We study transcription of human small nuclear (sn) RNA genes as a model system to understand mechanisms of transcription and regulation of gene expression. Correctly regulated gene expression is important for healthy development and the maintenance of cellular homeostasis. Disruptions in transcriptional regulation are observed in many disease states including cancer. Moreover, viruses subvert the cellular transcriptional programs for their own benefit during viral infection.
Therefore, it is important to understand the transcriptional mechanisms that underlie control of gene expression. Human snRNA genes encode short stable RNAs that as part of specialized protein-snRNA complexes typically are involved in processing other RNA molecules.
For example, snRNAs are essential for mRNA splicing, rRNA processing, and tRNA processing.

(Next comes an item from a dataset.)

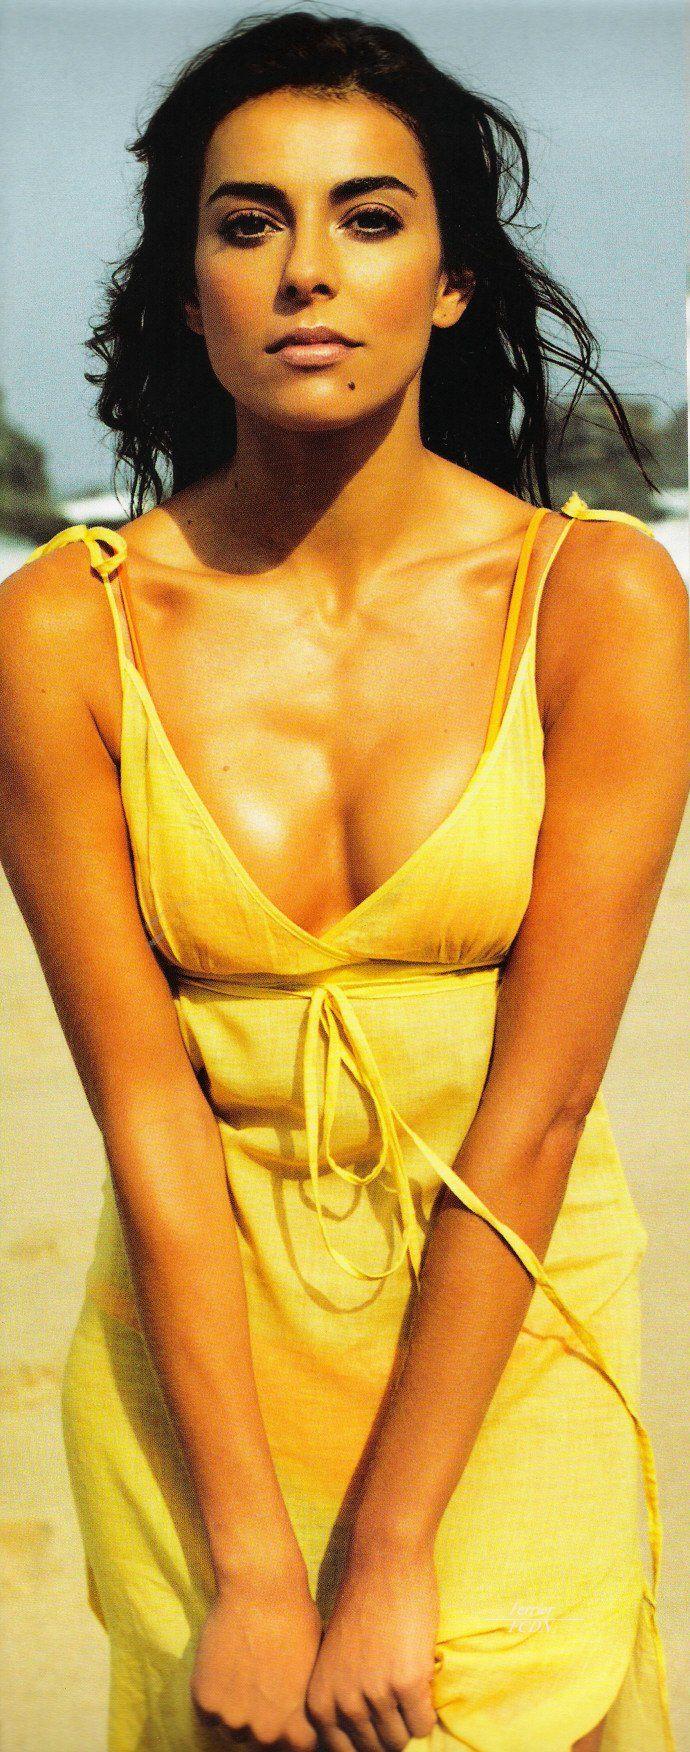 beautiful portuguese girl nude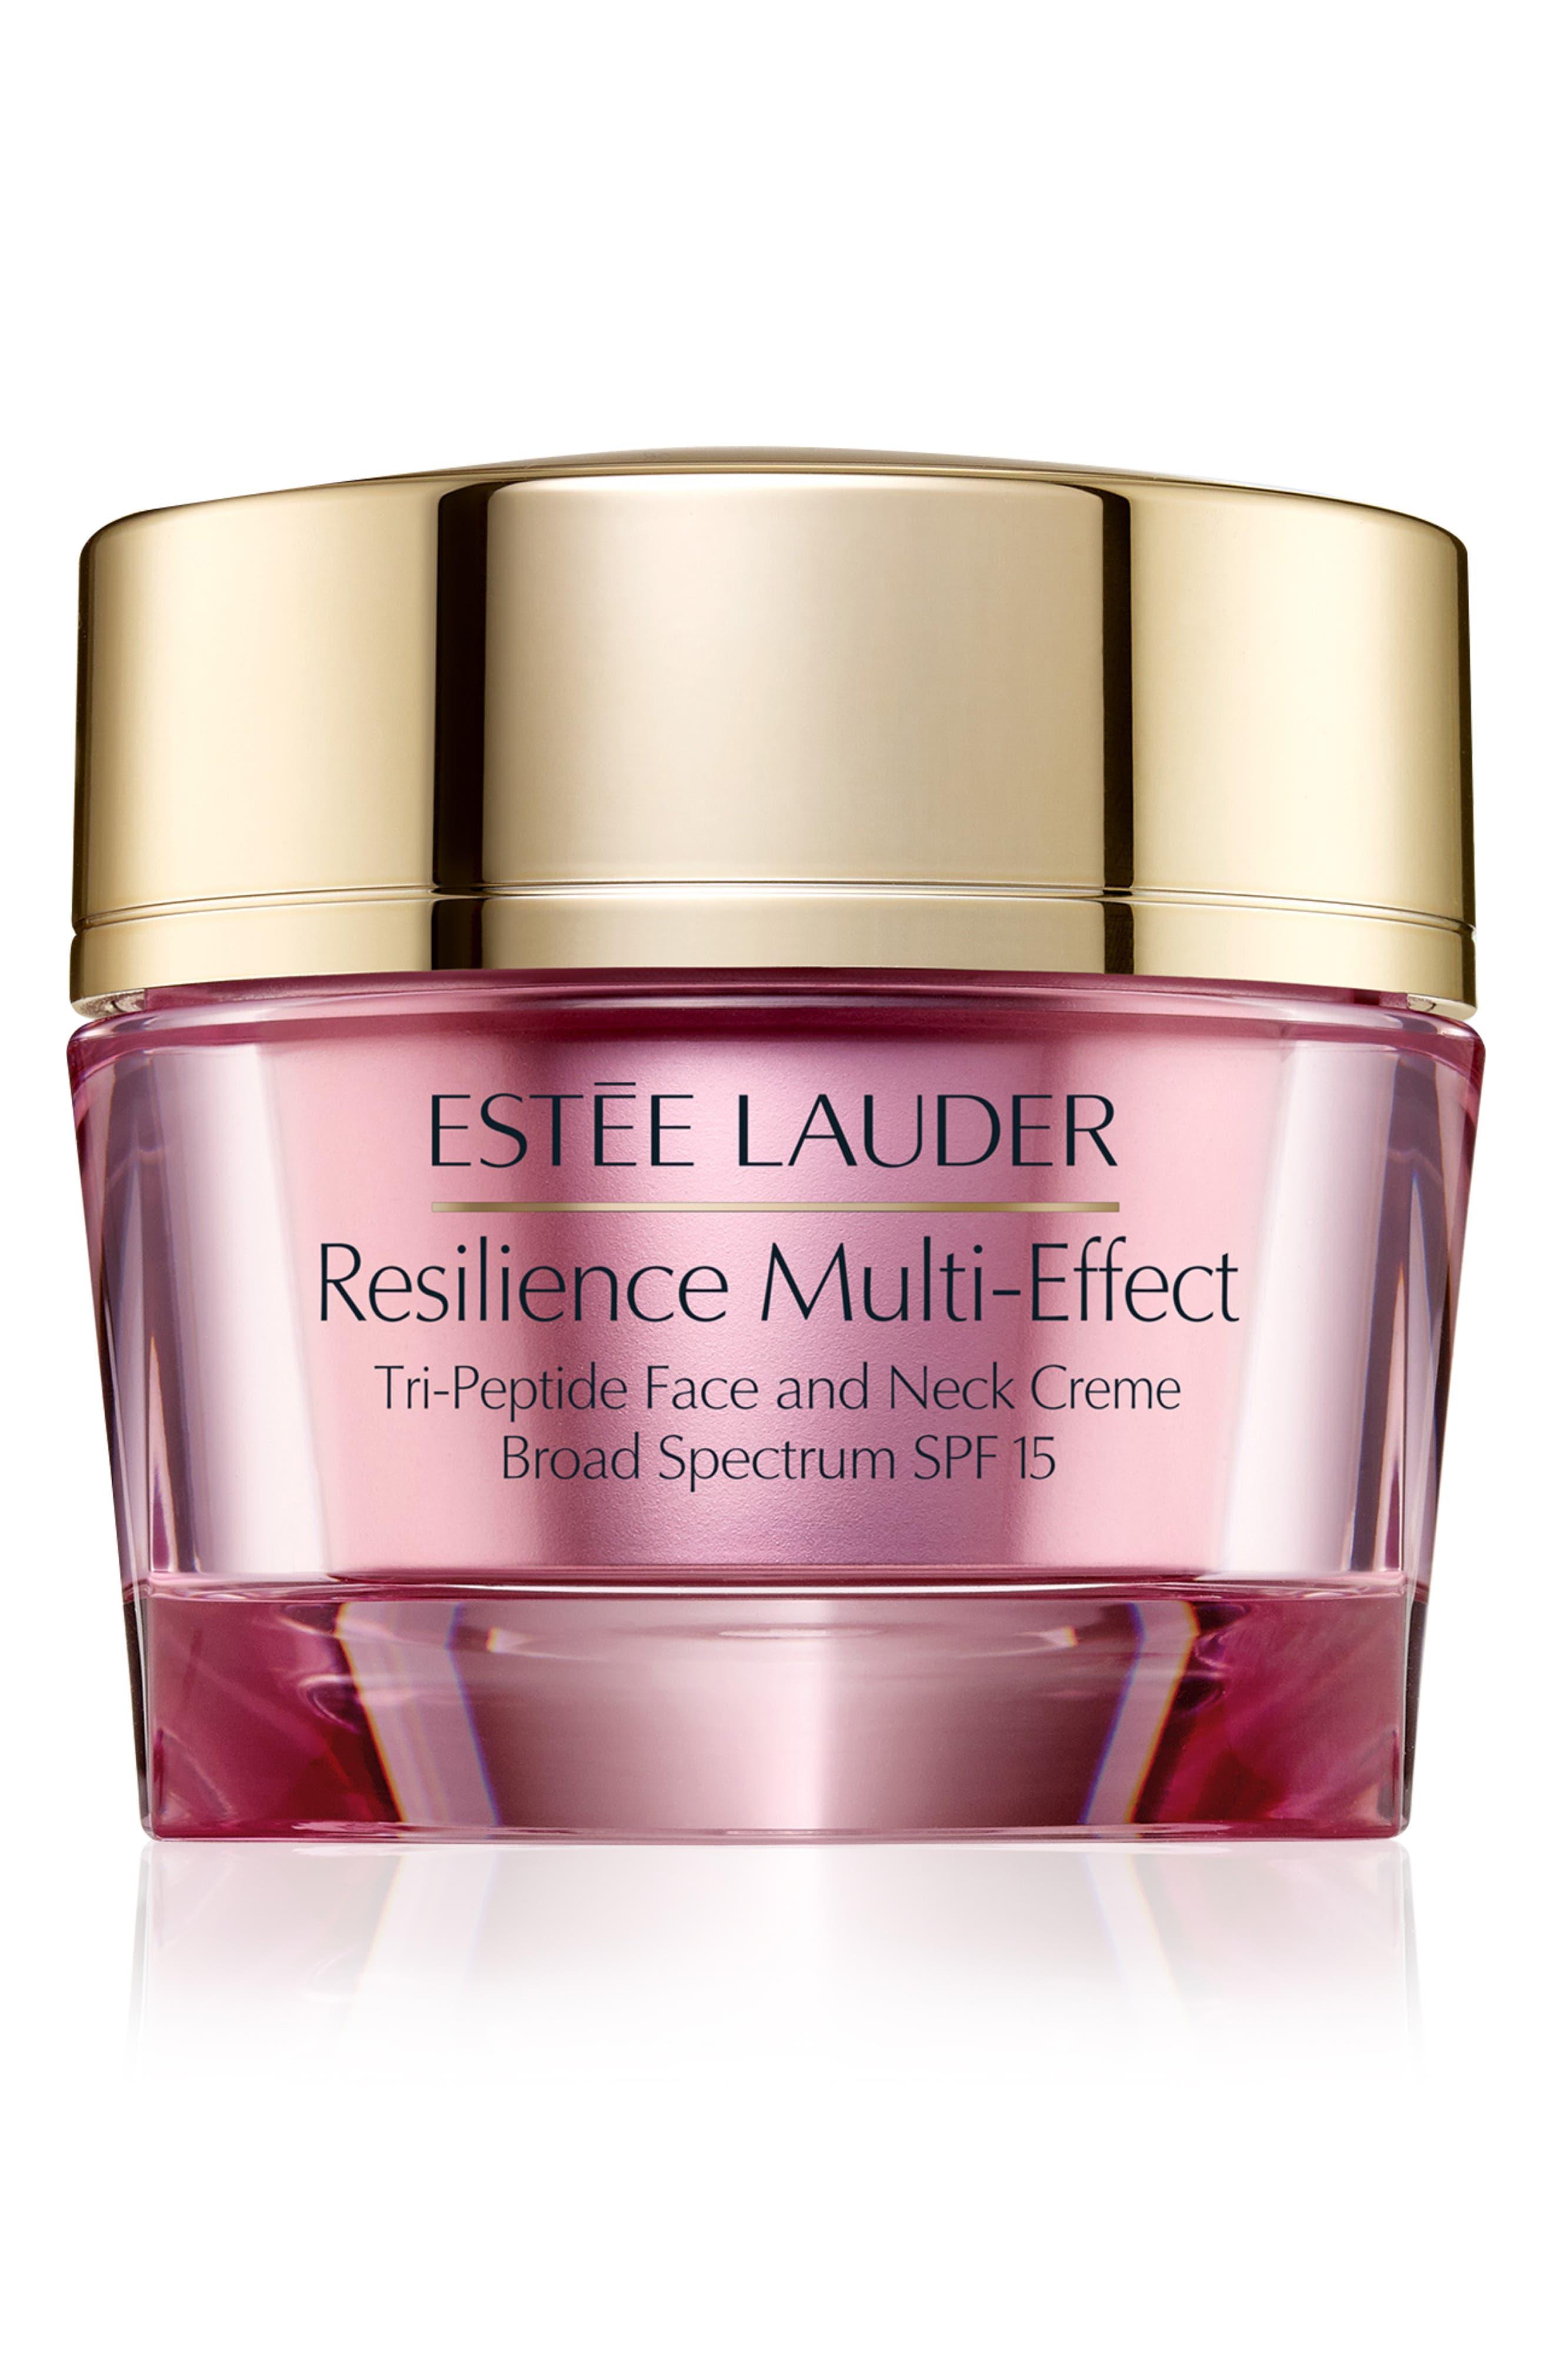 ESTÉE LAUDER Resilience Multi-Effect Tri-Peptide Face and Neck Creme SPF 15 for Normal/Combination Skin, Main, color, NO COLOR

In addition, other snRNAs process RNA primers required for mitochondrial DNA replication. Thus, snRNAs play pivotal roles in numerous cellular processes. The genes for these snRNAs are unusual because they have similar promoter architectures and yet some snRNA genes are transcribed by RNA polymerase II while others are transcribed by RNA polymerase III. These differences in polymerase choice make this an interesting system for understanding mechanisms of transcription for both RNA polymerases II and III.
The PSE is recognized by the basal transcription factor referred to as snRNA-activating protein complex (SNAPc). SNAPc is a multi-protein complexcomposed of at least five proteins SNAP19, SNAP43, SNAP45, SNAP50,and SNAP190. In addition, the TATA-box binding protein (TBP) can also associate with this complex. Each of these proteins is required for transcription of human snRNA genes by both RNA polymerase II and III.
Our research is focused on how SNAPc functions for snRNA gene transcription. We are interested in four fundamental issues: (1) How does SNAPc function in transcription by both RNA polymerase II and III?
(2) How does SNAPc communicate with other specialized factors that are dedicated for transcription by only RNA polymerase II or III?
(3) Is SNAPc the target of transcription regulatory proteins?
(4) Does SNAPc selectively mediate transcription of some snRNA genes depending upon the demands of the cell?
Answers to these questions are important for understanding the complicated network of transcription regulation in the cell.